> Problem description
From the listing below, output the lines between the one with "Общественный транспорт в Москве" and the one with "B01-412 Numisletter Pièce", including those two, and nothing else. Pictures are not copied.

> Extracted entries
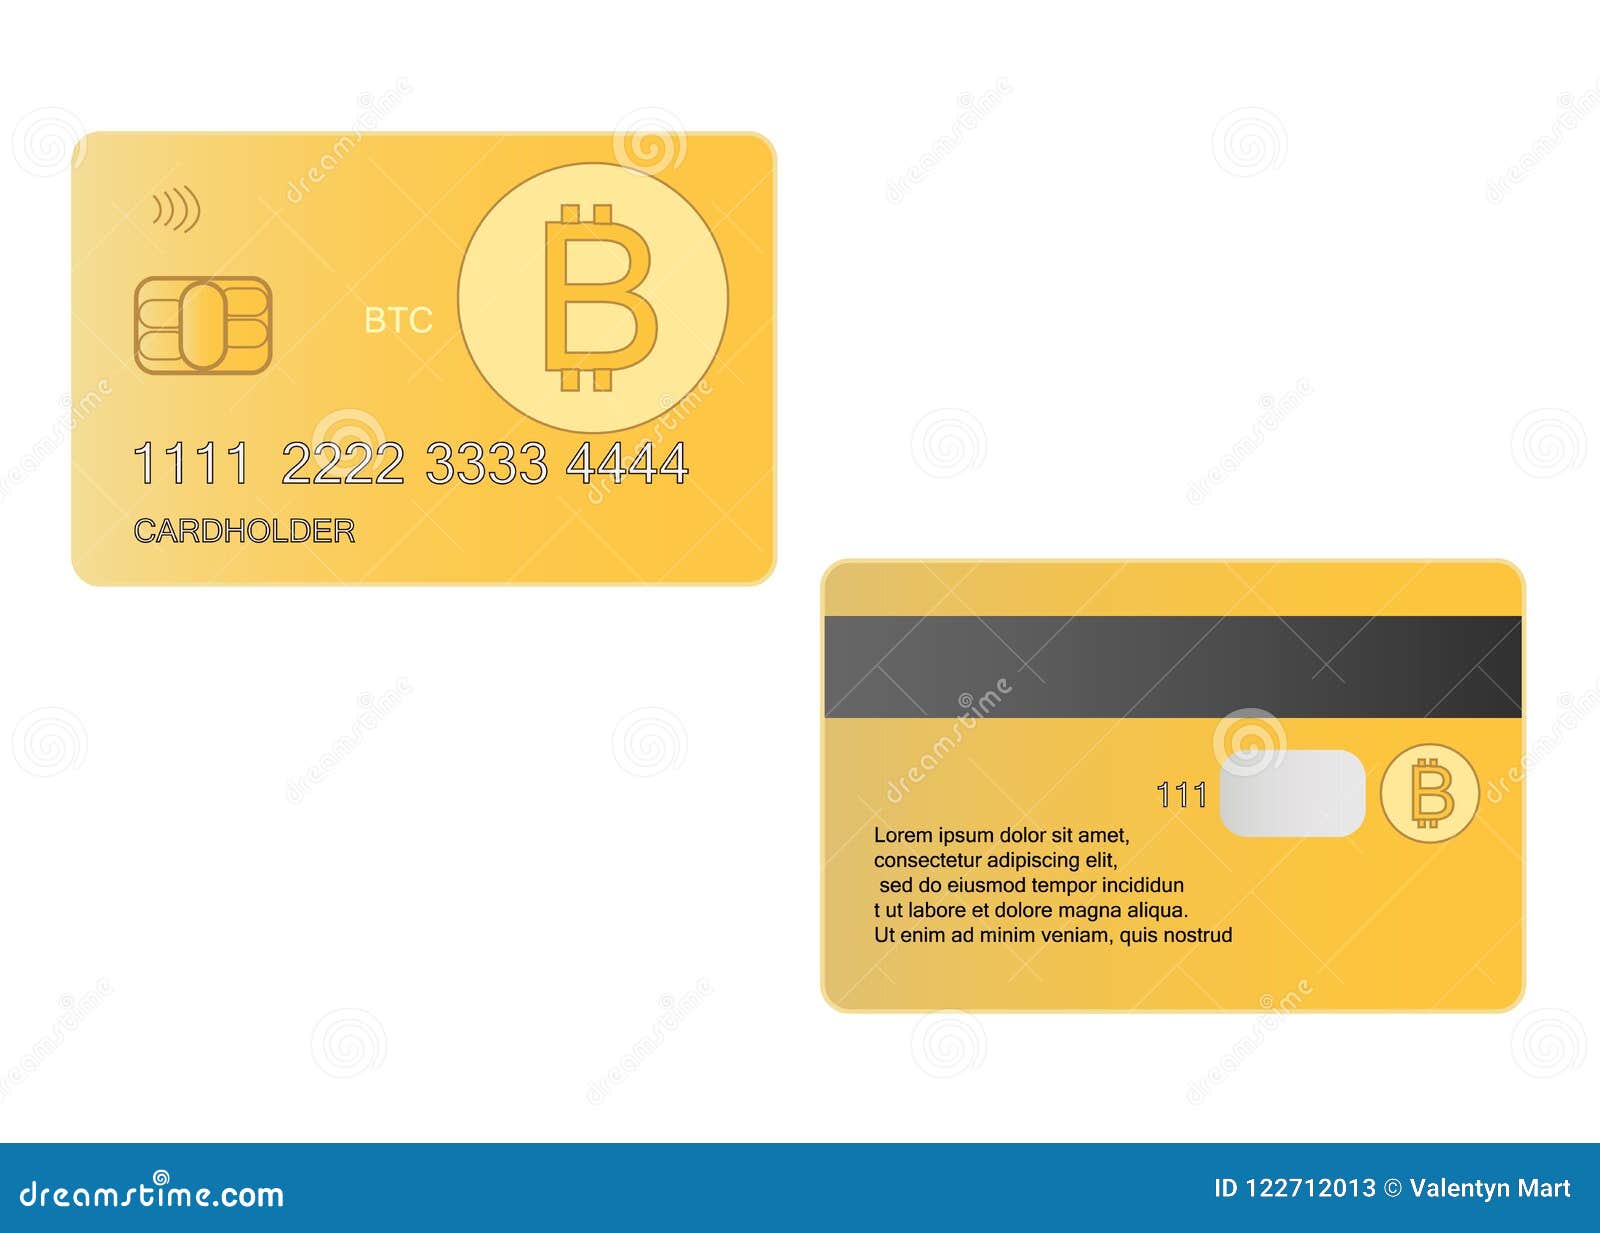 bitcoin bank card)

--

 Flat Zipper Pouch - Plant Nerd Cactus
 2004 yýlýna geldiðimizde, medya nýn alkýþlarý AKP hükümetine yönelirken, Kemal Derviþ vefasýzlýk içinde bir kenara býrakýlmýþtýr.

...

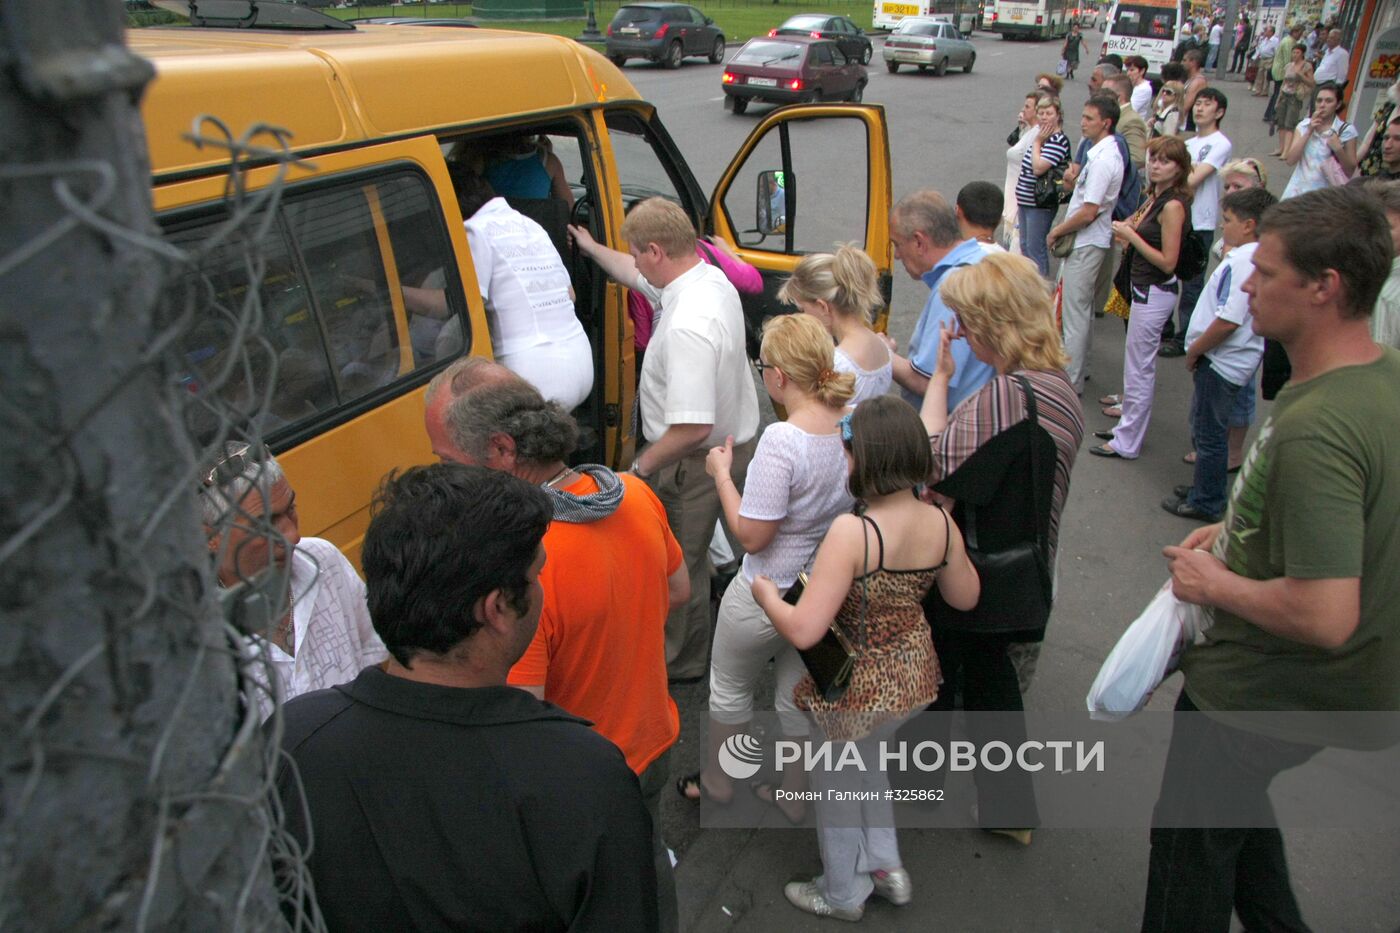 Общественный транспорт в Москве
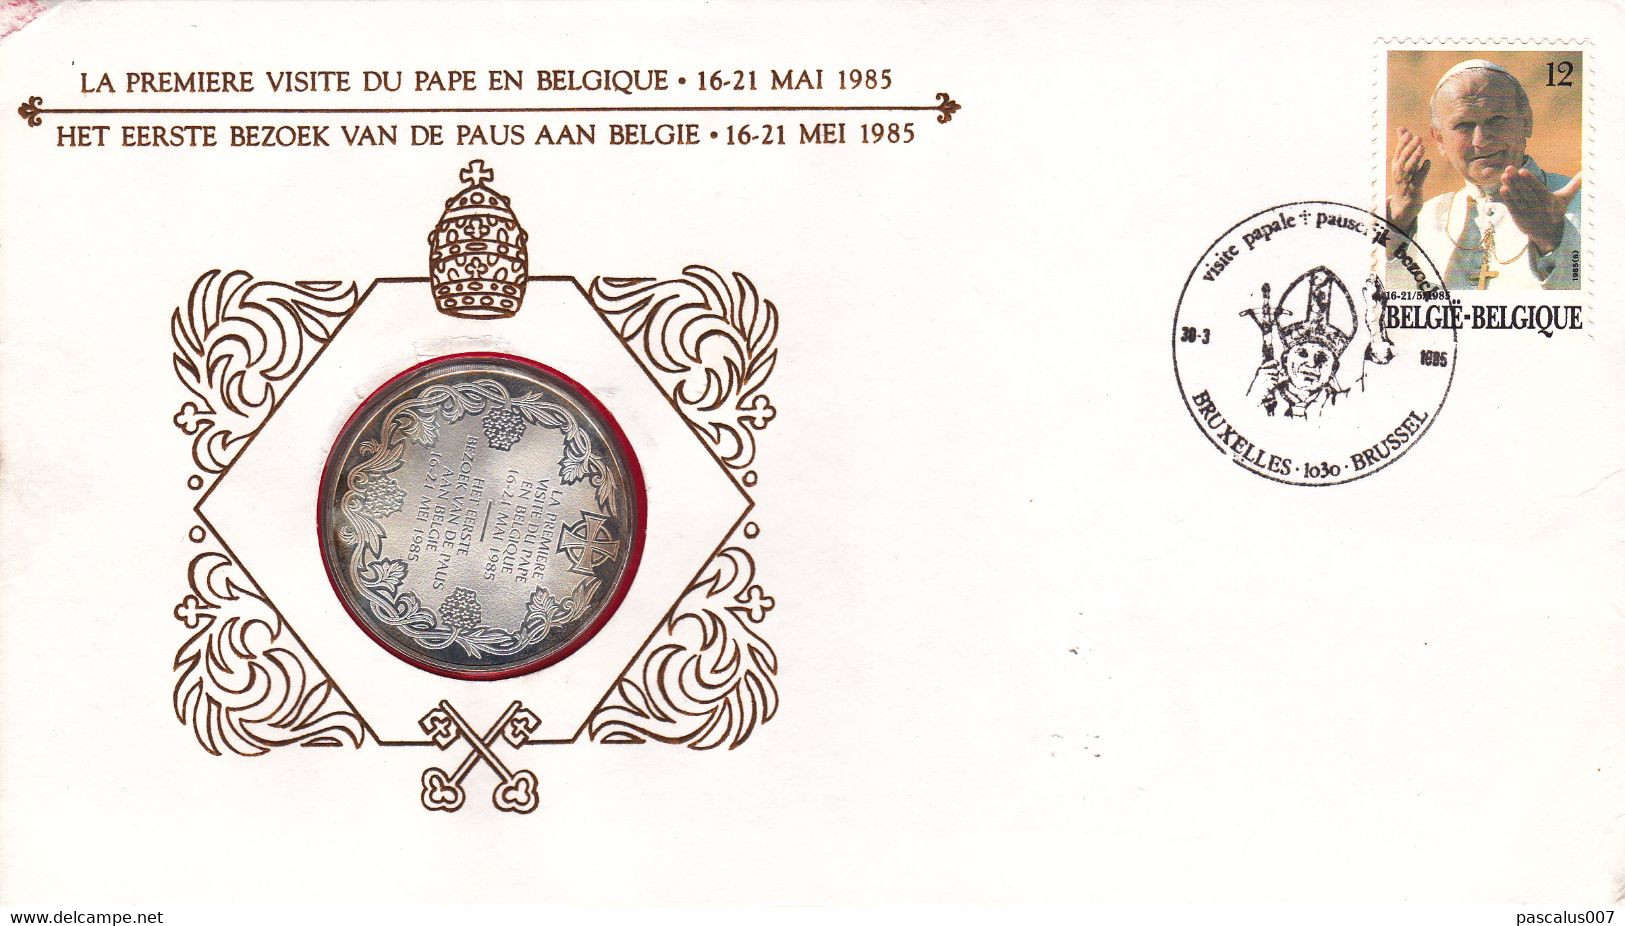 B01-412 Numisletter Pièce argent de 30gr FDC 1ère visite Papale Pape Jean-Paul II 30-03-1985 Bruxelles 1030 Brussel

> Completed exercise
 Общественный транспорт в Москве
 B01-412 Numisletter Pièce argent de 30gr FDC 1ère visite Papale Pape Jean-Paul II 30-03-1985 Bruxelles 1030 Brussel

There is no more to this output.